I have below output from gprof for my program:
Flat profile:
Each sample counts as 0.01 seconds.
no time accumulated
% cumulative self self total
time seconds seconds calls Ts/call Ts/call name
0.00 0.00 0.00 30002 0.00 0.00 insert
0.00 0.00 0.00 10124 0.00 0.00 getNode
0.00 0.00 0.00 3000 0.00 0.00 search
0.00 0.00 0.00 1 0.00 0.00 initialize
I have done optimizations and the run time I have is 0.01 secs(this is being calculated on a server where I'm uploading my code) which is the least I am getting at the moment. I am not able to reduce it further, though I want to.
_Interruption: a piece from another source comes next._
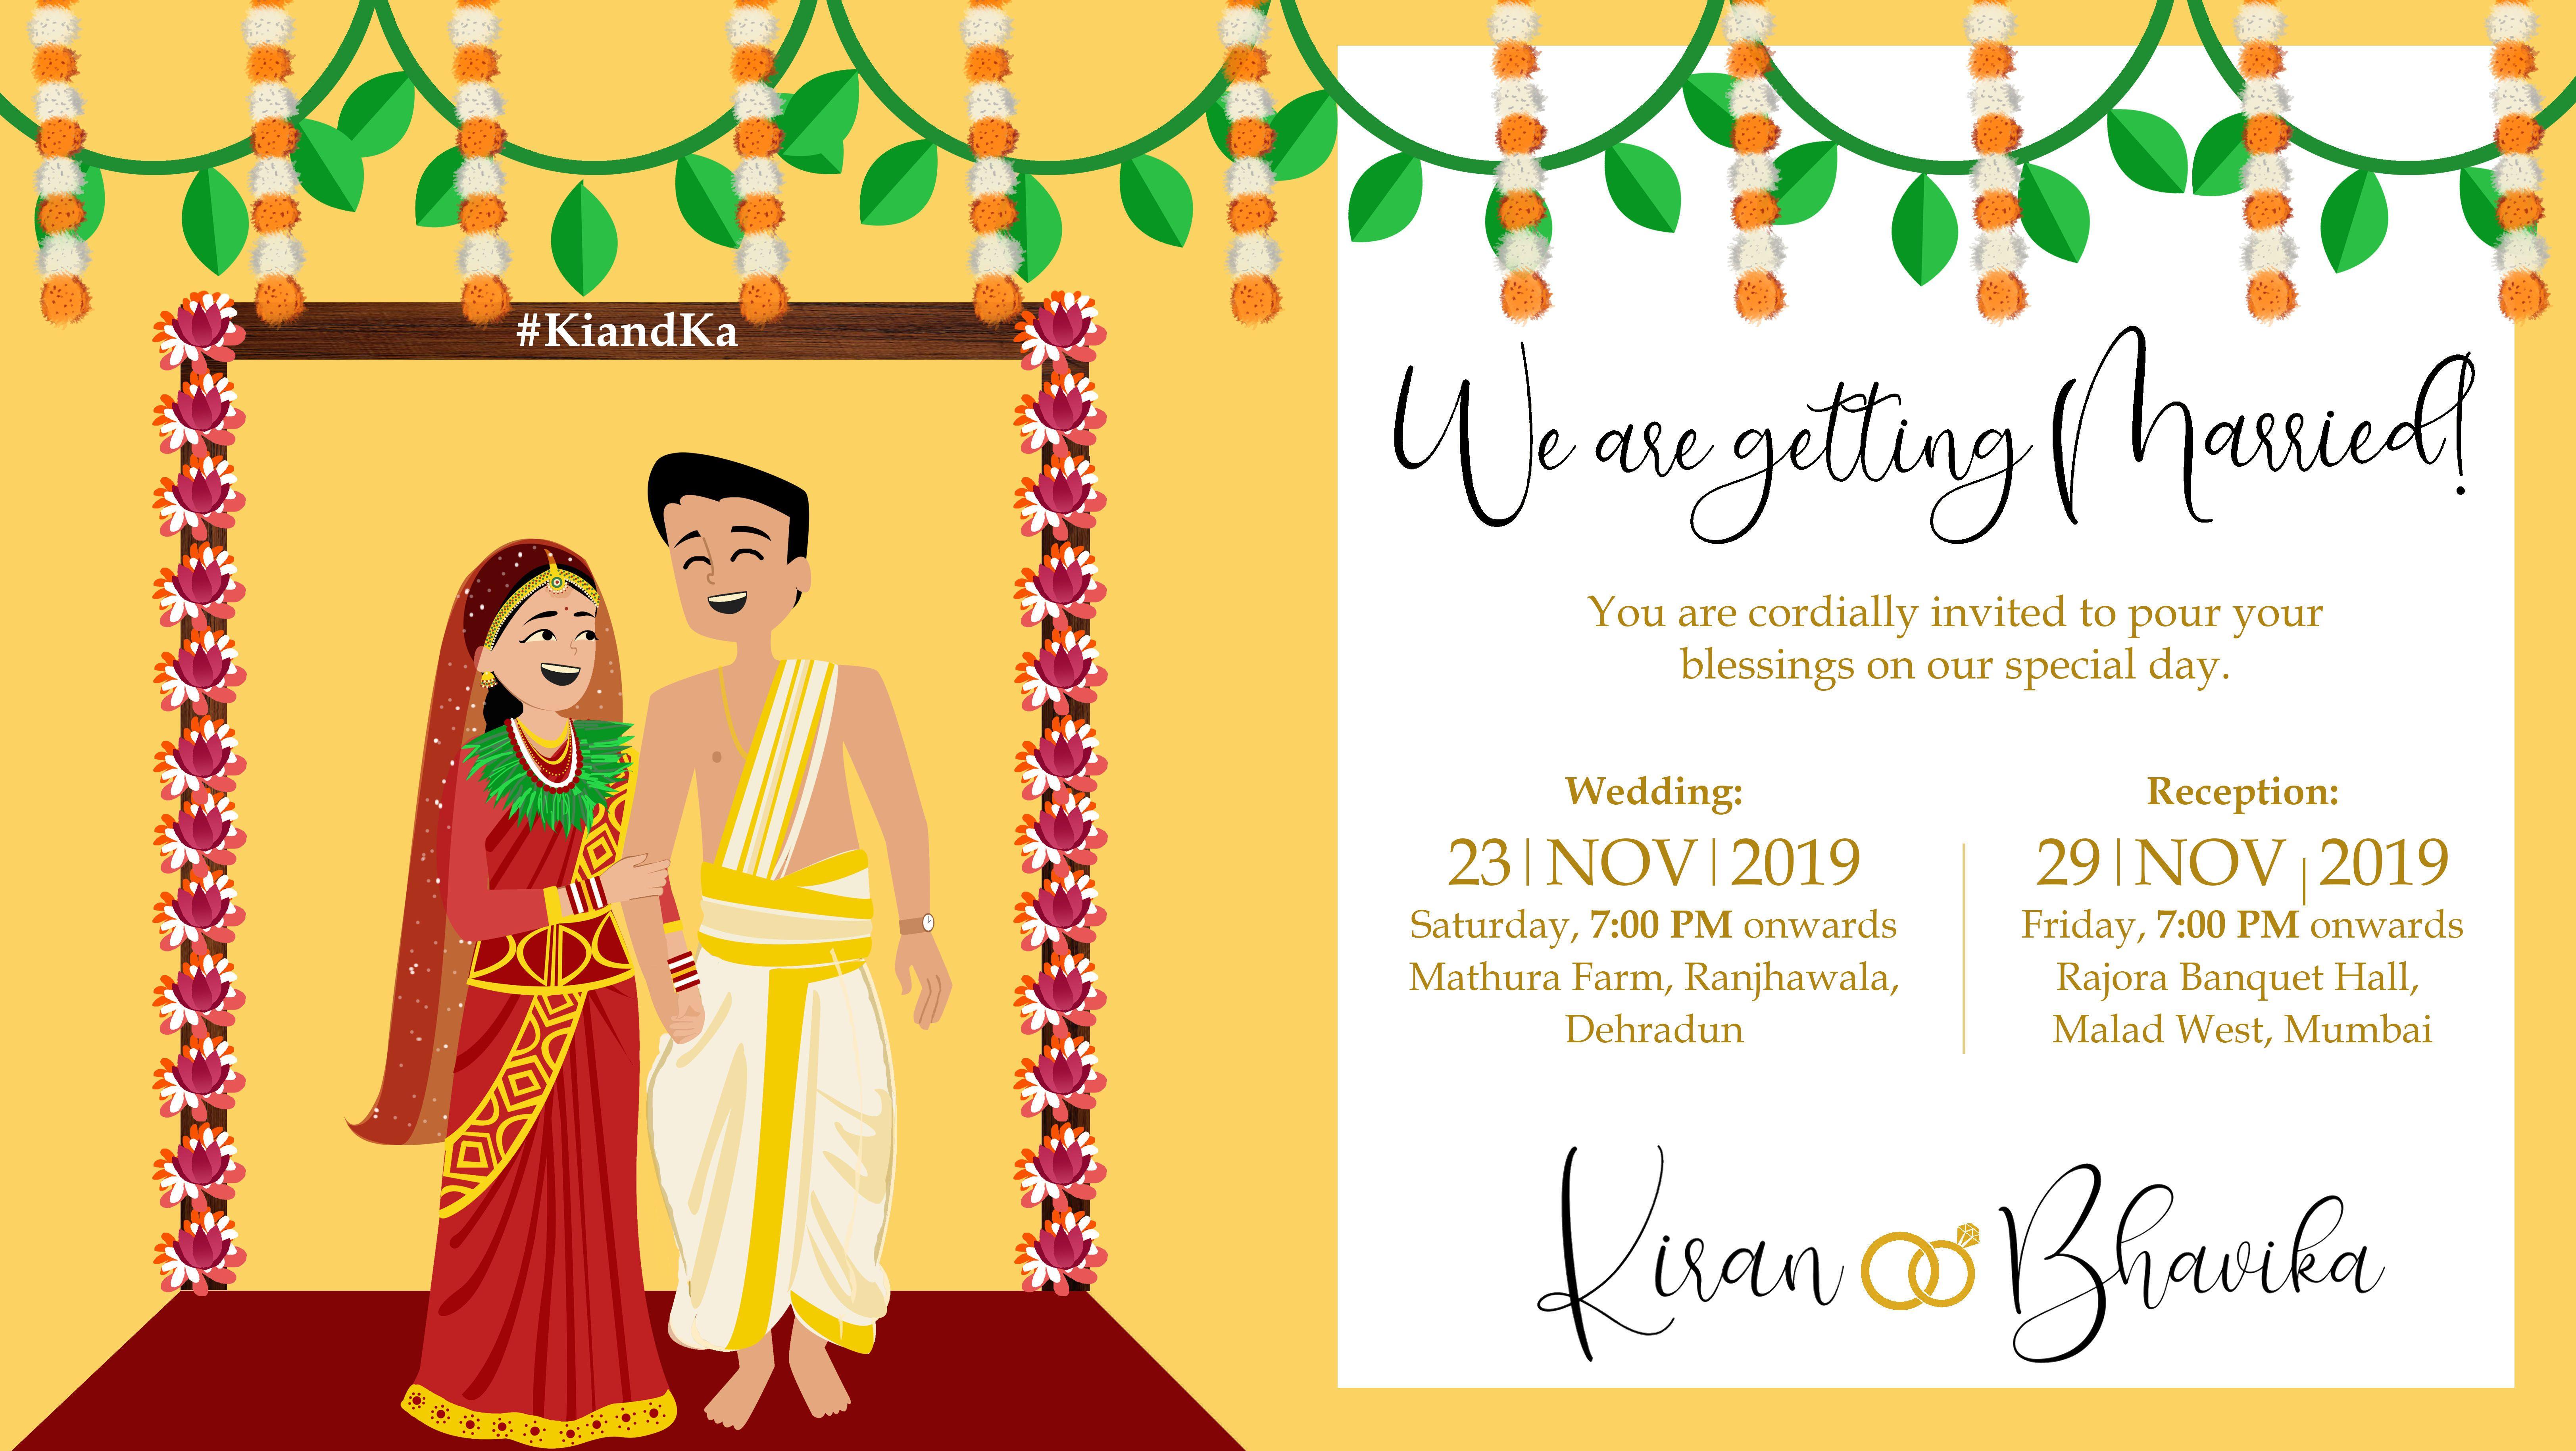 A Nepali And Bengali Wedding Wedding Illustration Wedding Wedding Cards

Does the 0.01 sec run time of my program has anything to do with the sampling time I see above in gprof output.
Call graph is as below:
gprof -q ./a.out gmon.out
Call graph (explanation follows)
granularity: each sample hit covers 2 byte(s) no time propagated
index % time self children called name
0.00 0.00 30002/30002 main [10]
[1] 0.0 0.00 0.00 30002 insert [1]
0.00 0.00 10124/10124 getNode [2]
-----------------------------------------------
0.00 0.00 10124/10124 insert [1]
[2] 0.0 0.00 0.00 10124 getNode [2]
-----------------------------------------------
0.00 0.00 3000/3000 main [10]
[3] 0.0 0.00 0.00 3000 search [3]
-----------------------------------------------
0.00 0.00 1/1 main [10]
[4] 0.0 0.00 0.00 1 initialize [4]
-----------------------------------------------
While using `time /bin/sh -c ' ./a.out < inp.in '` on my machine I get below which varies slightly on every run .
real 0m0.024s
user 0m0.016s
sys 0m0.004s
real 0m0.017s
user 0m0.008s
sys 0m0.004s
I am bit confused how to correlate time output and gprof o/p
According to your other question, you got it from 8 seconds down to 0.01 seconds.
That's pretty good.
Now if you want to go further, first do as #Peter suggested in his comment.
Run the code many times inside main() so it runs long enough to get samples.
Then you could try my favorite technique.
It will be much more informative than gprof.
P.S. Don't worry about CPU percent.
All it tells is if your machine is busy and not doing much I/O.
It does not tell you anything about your program.